On July 26, Alliance Holdings reported its latest quarterly financial results, and announced that it increased its quarterly distribution by 3.0% to $0.785 per unit. AHGP also reported record net income for the 2013 Quarter of $61.0 million, or $1.02 per basic and diluted limited partner unit, an increase of 12.2% compared to net income for the 2012 Quarter of $54.4 million, or $0.91 per basic and diluted limited partner unit.
Alliance Holdings has recorded strong revenue and dividend growth, during the last year, the last three years and the last five years, as shown in the table below.
The charts below, which were taken from the company presentation, show the importance of coal as prime source of fuel for electricity generation.
Alliance Holdings has recorded strong revenue, EPS and dividend growth, and considering its strong earnings growth prospects, AHGP stock still has room to go up. Furthermore, the very rich dividend represents a gratifying income.

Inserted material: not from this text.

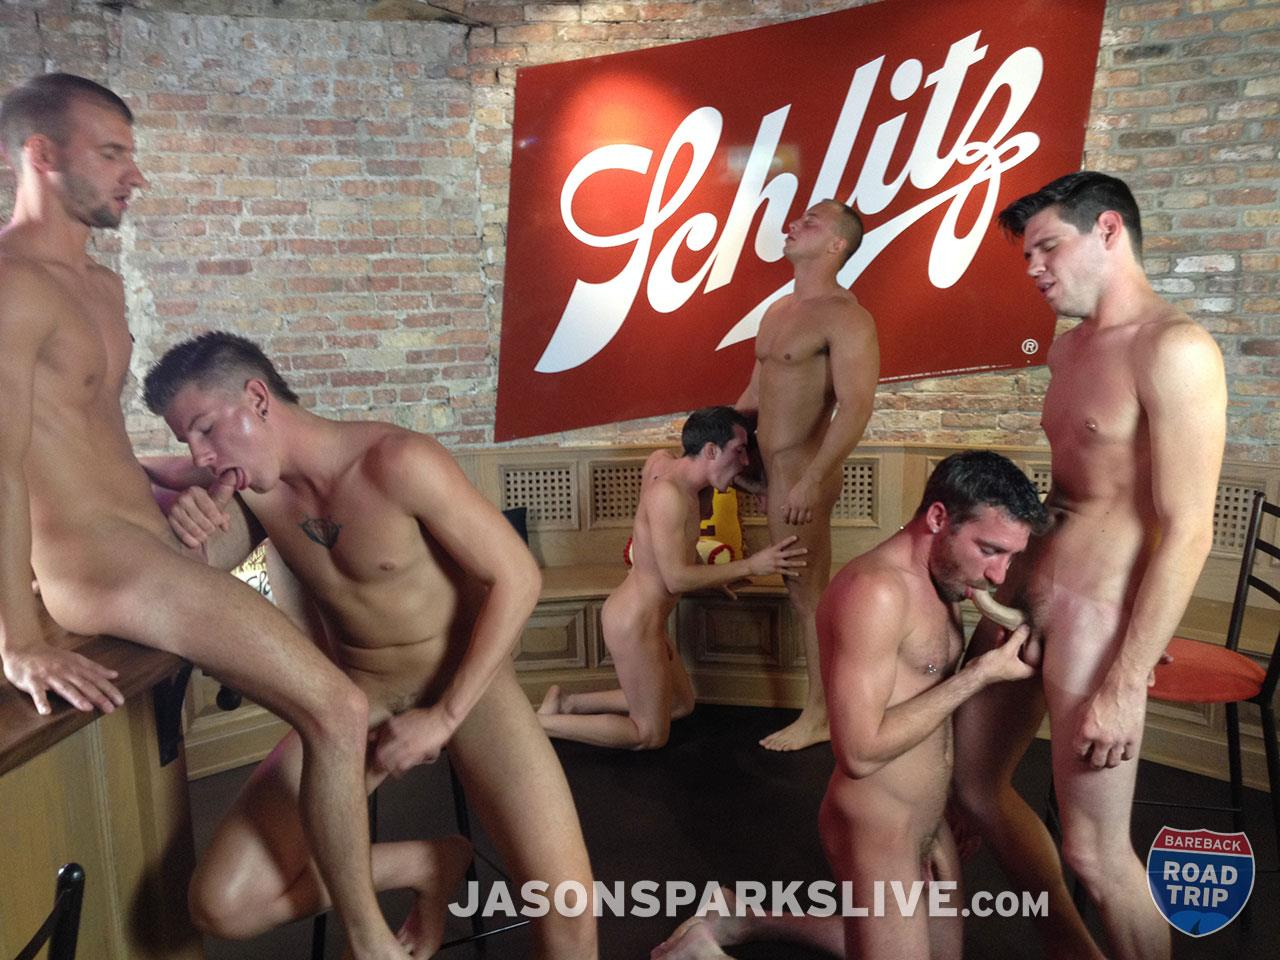 Jason-Sparks-Live-Dustin-Tyler-Shawn-Andrews-Brendon-Scott-Corbin-Riley-Antonio-Paul-Jake-Matthews-Bareback-Orgy-Amateur-Gay-Porn-06 Big Cock Amateur Bareback Orgy in Milwaukee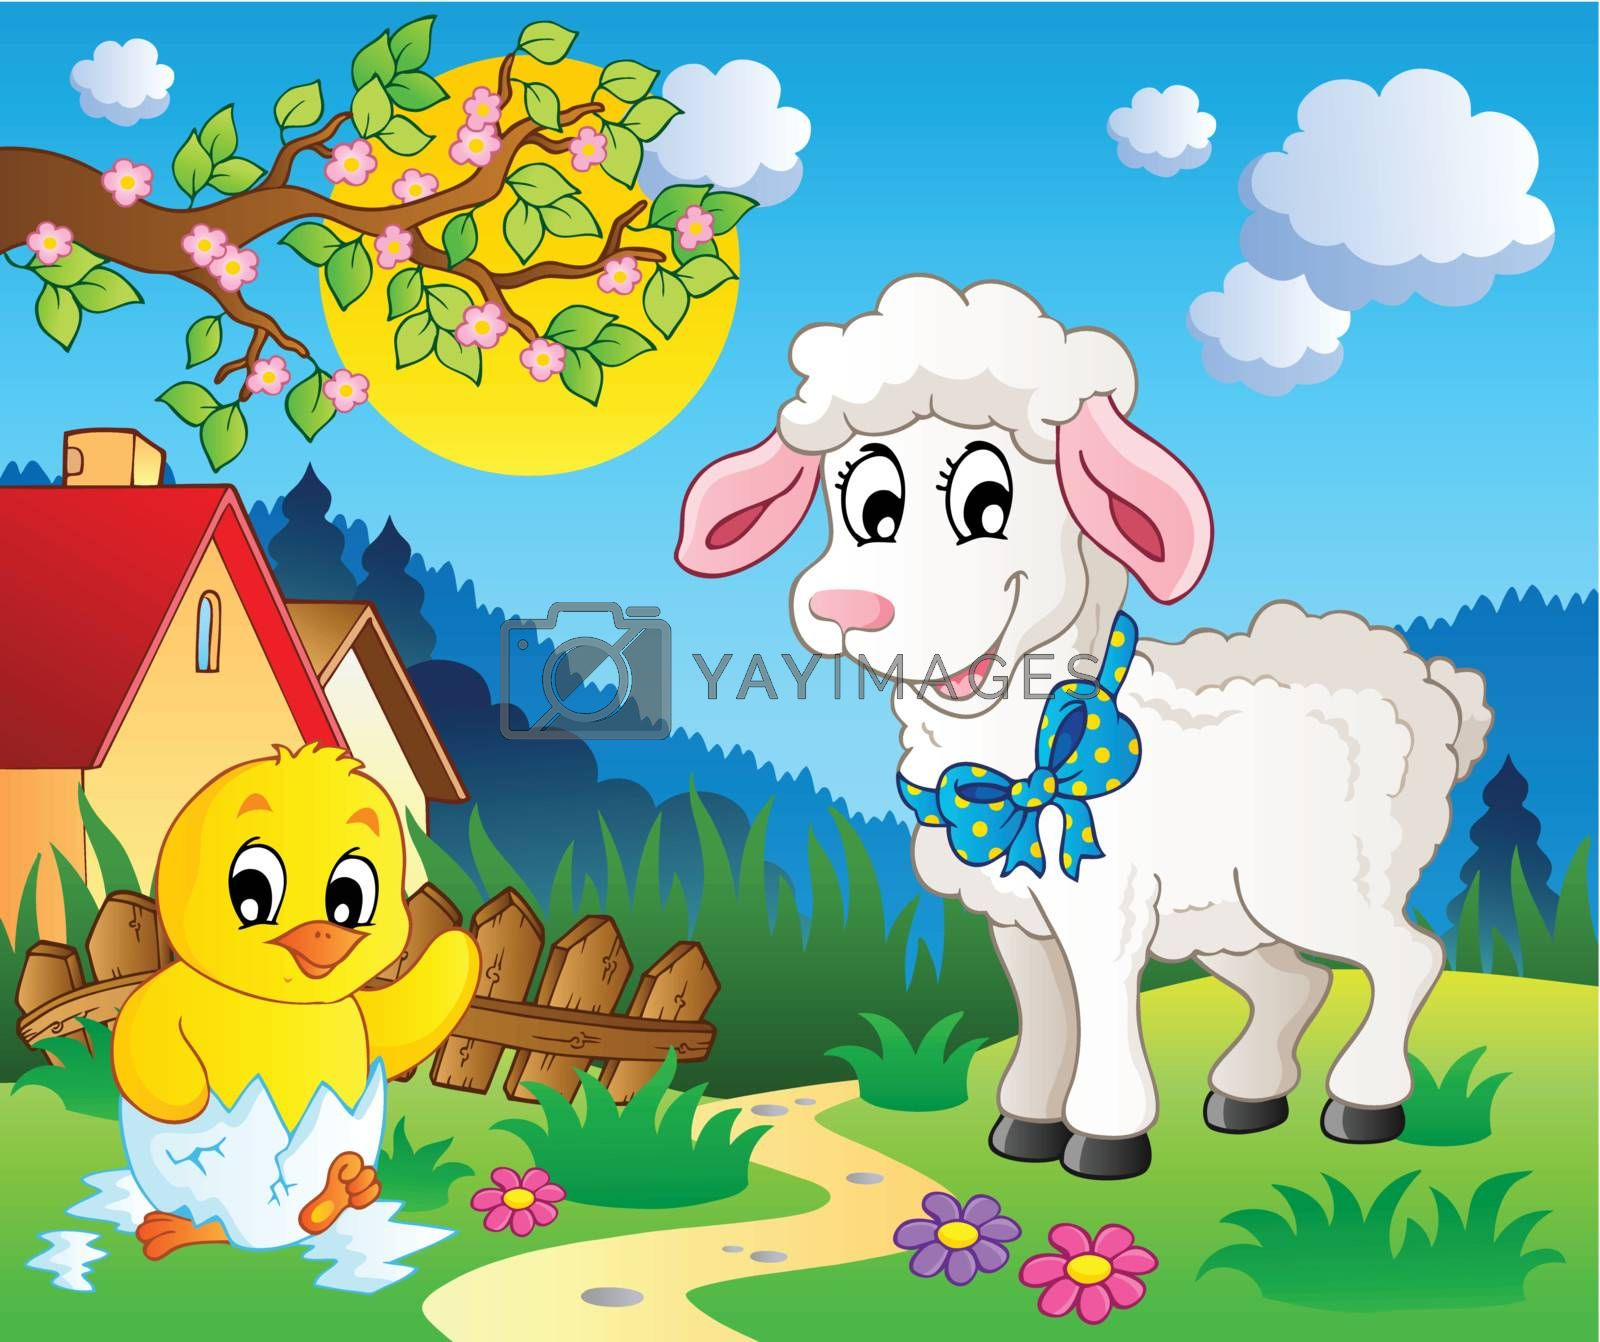 Scene with spring season theme 3 - vector illustration.

Risks to the expected capital gain and to the dividend payment include; a downturn in the U.S. economy, competition from lower natural gas price, and the company's huge debt of $797 million.
Disclosure: I have no positions in any stocks mentioned, and no plans to initiate any positions within the next 72 hours. I wrote this article myself, and it expresses my own opinions. I am not receiving compensation for it (other than from Seeking Alpha). I have no business relationship with any company whose stock is mentioned in this article.